Repeat the records below word for word and omit each image.

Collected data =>
━━━━━━━━━━
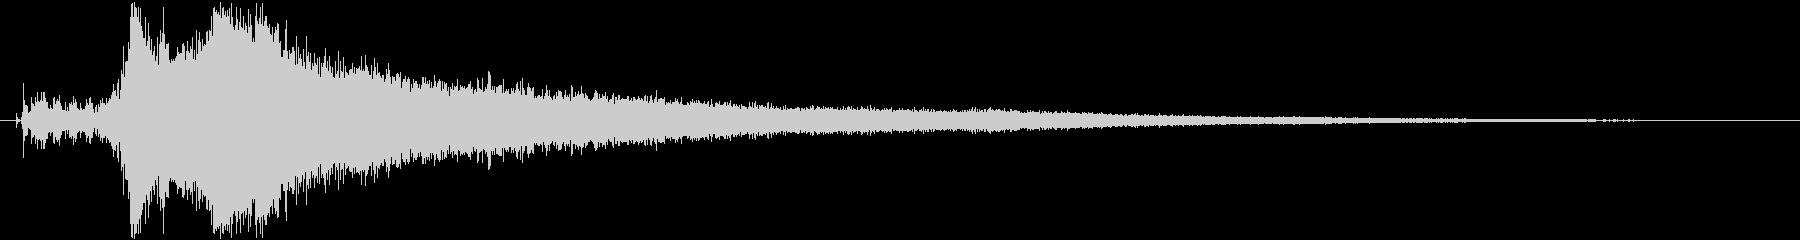 アーミージープ:スタート、アイドル...の未再生の波形
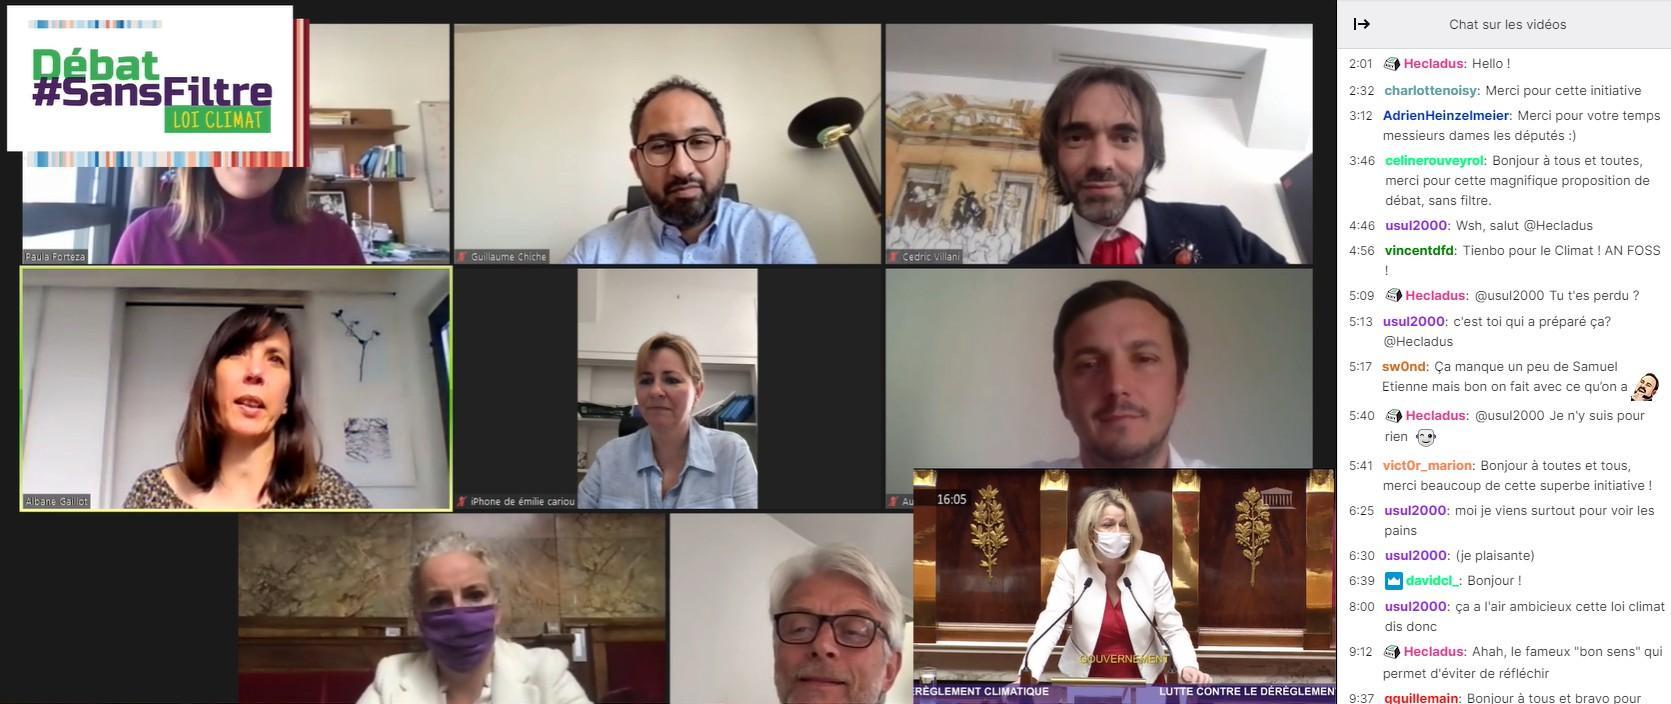 Loi climat: l'opposition débat «sans filtre» sur Twitch
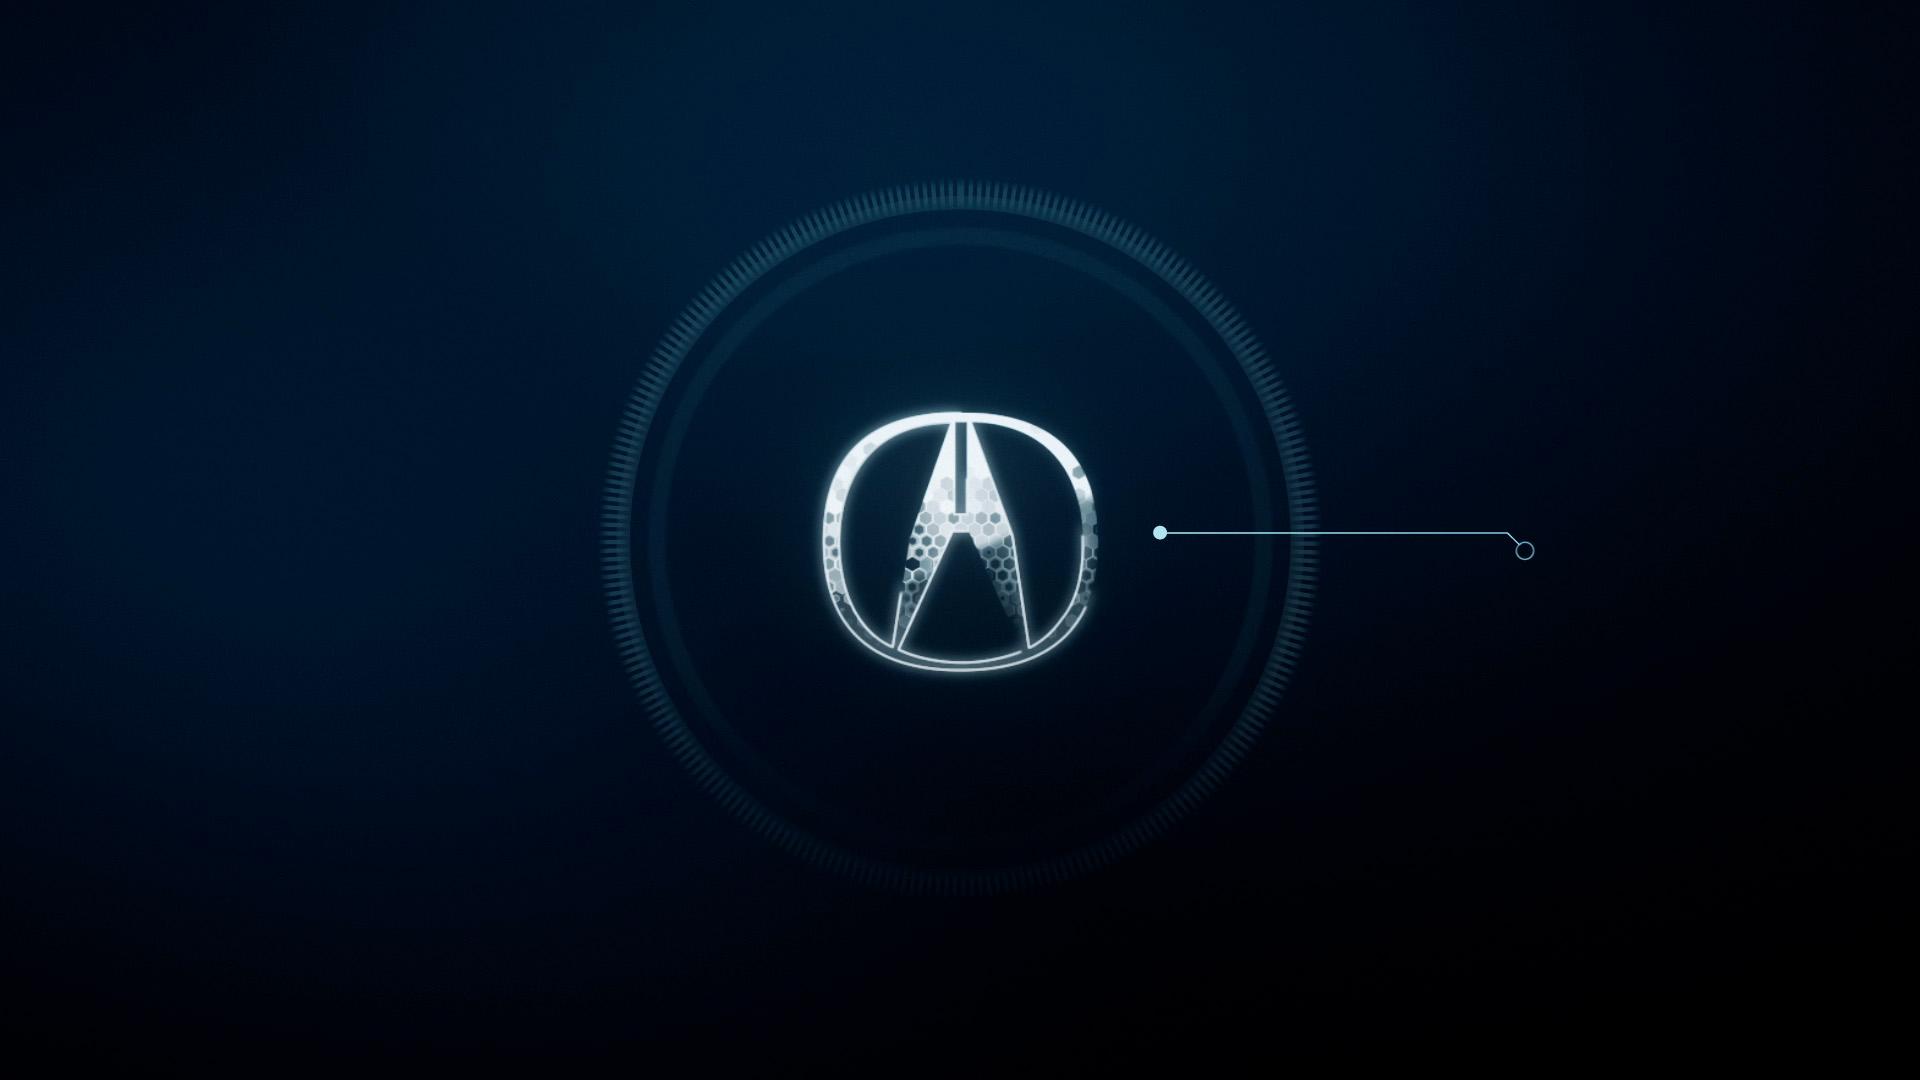 AcuraStills_Layer 1.jpg
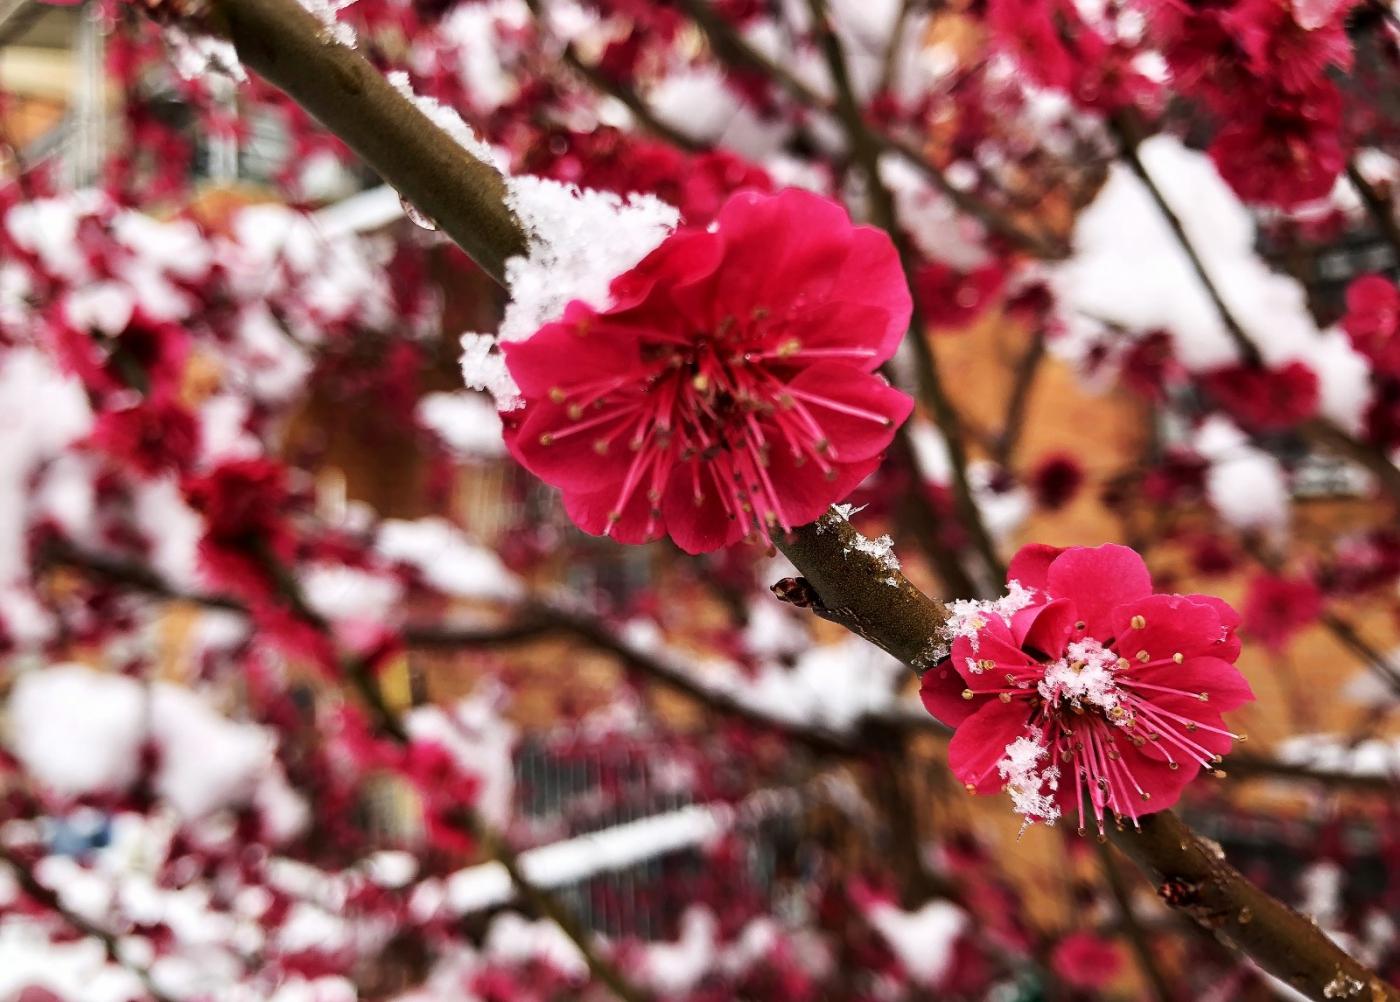 【田螺手机摄影】今早下雪去拍梅花_图1-14
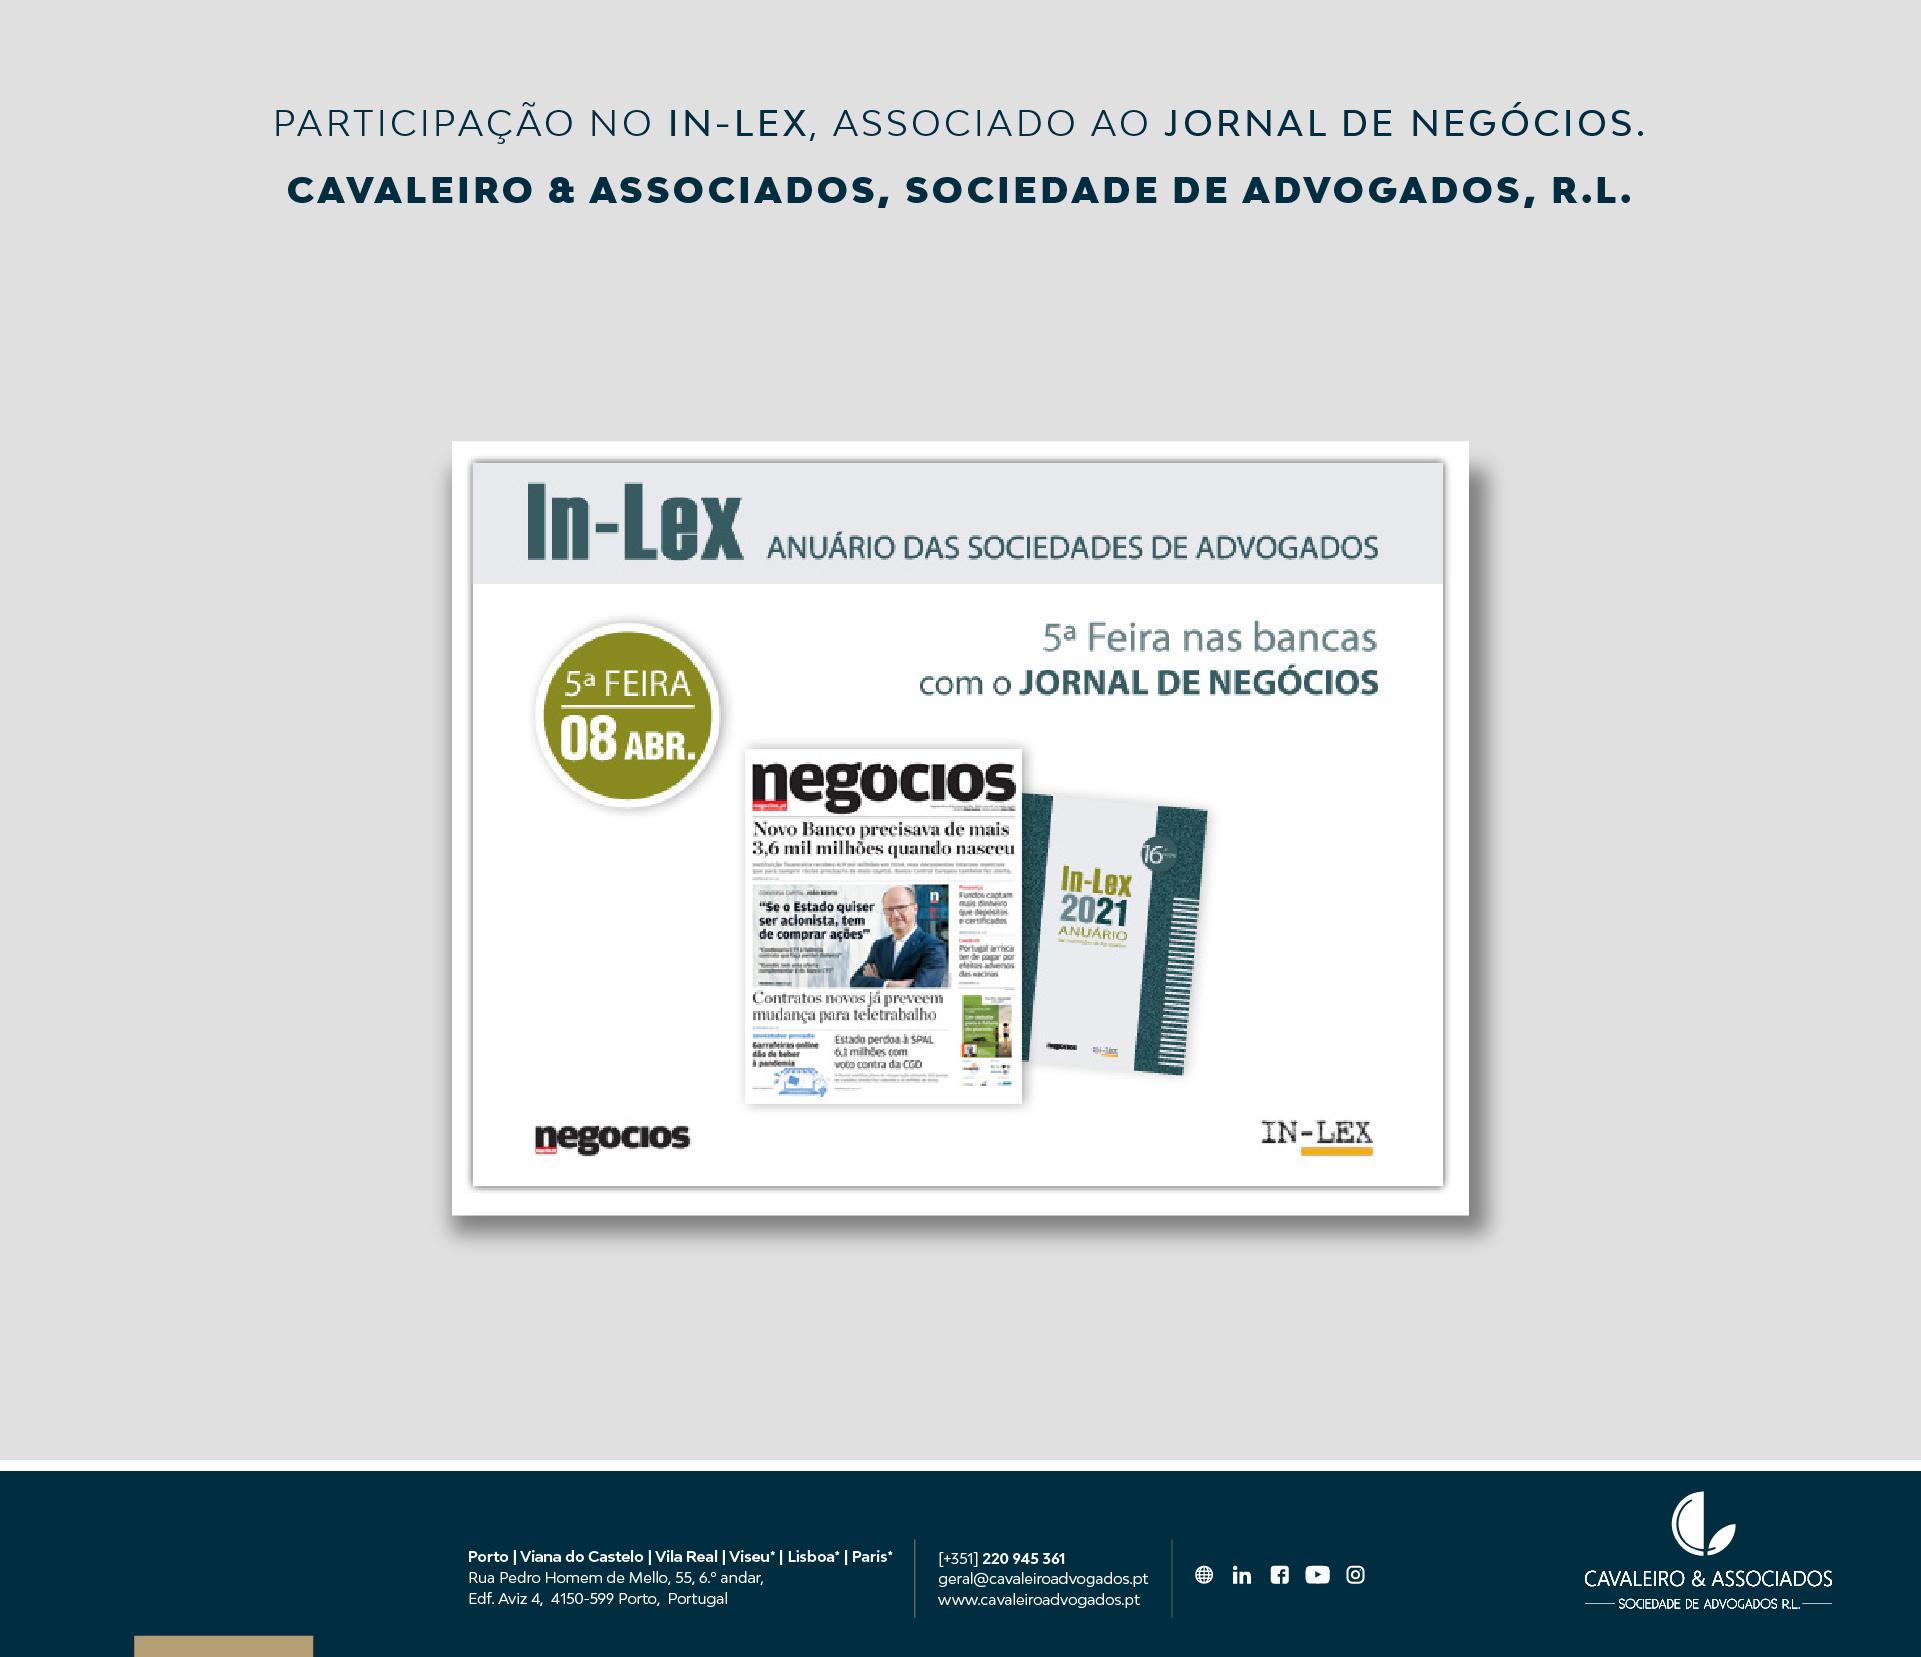 Participação no IN-LEX, associado ao jornal de negócios.
━━━━━━━━━━
Reply =>
 アーミージープ:スタート、アイドル...の未再生の波形
 Loi climat: l'opposition débat «sans filtre» sur Twitch
 AcuraStills_Layer 1.jpg
 【田螺手机摄影】今早下雪去拍梅花_图1-14
 Participação no IN-LEX, associado ao jornal de negócios.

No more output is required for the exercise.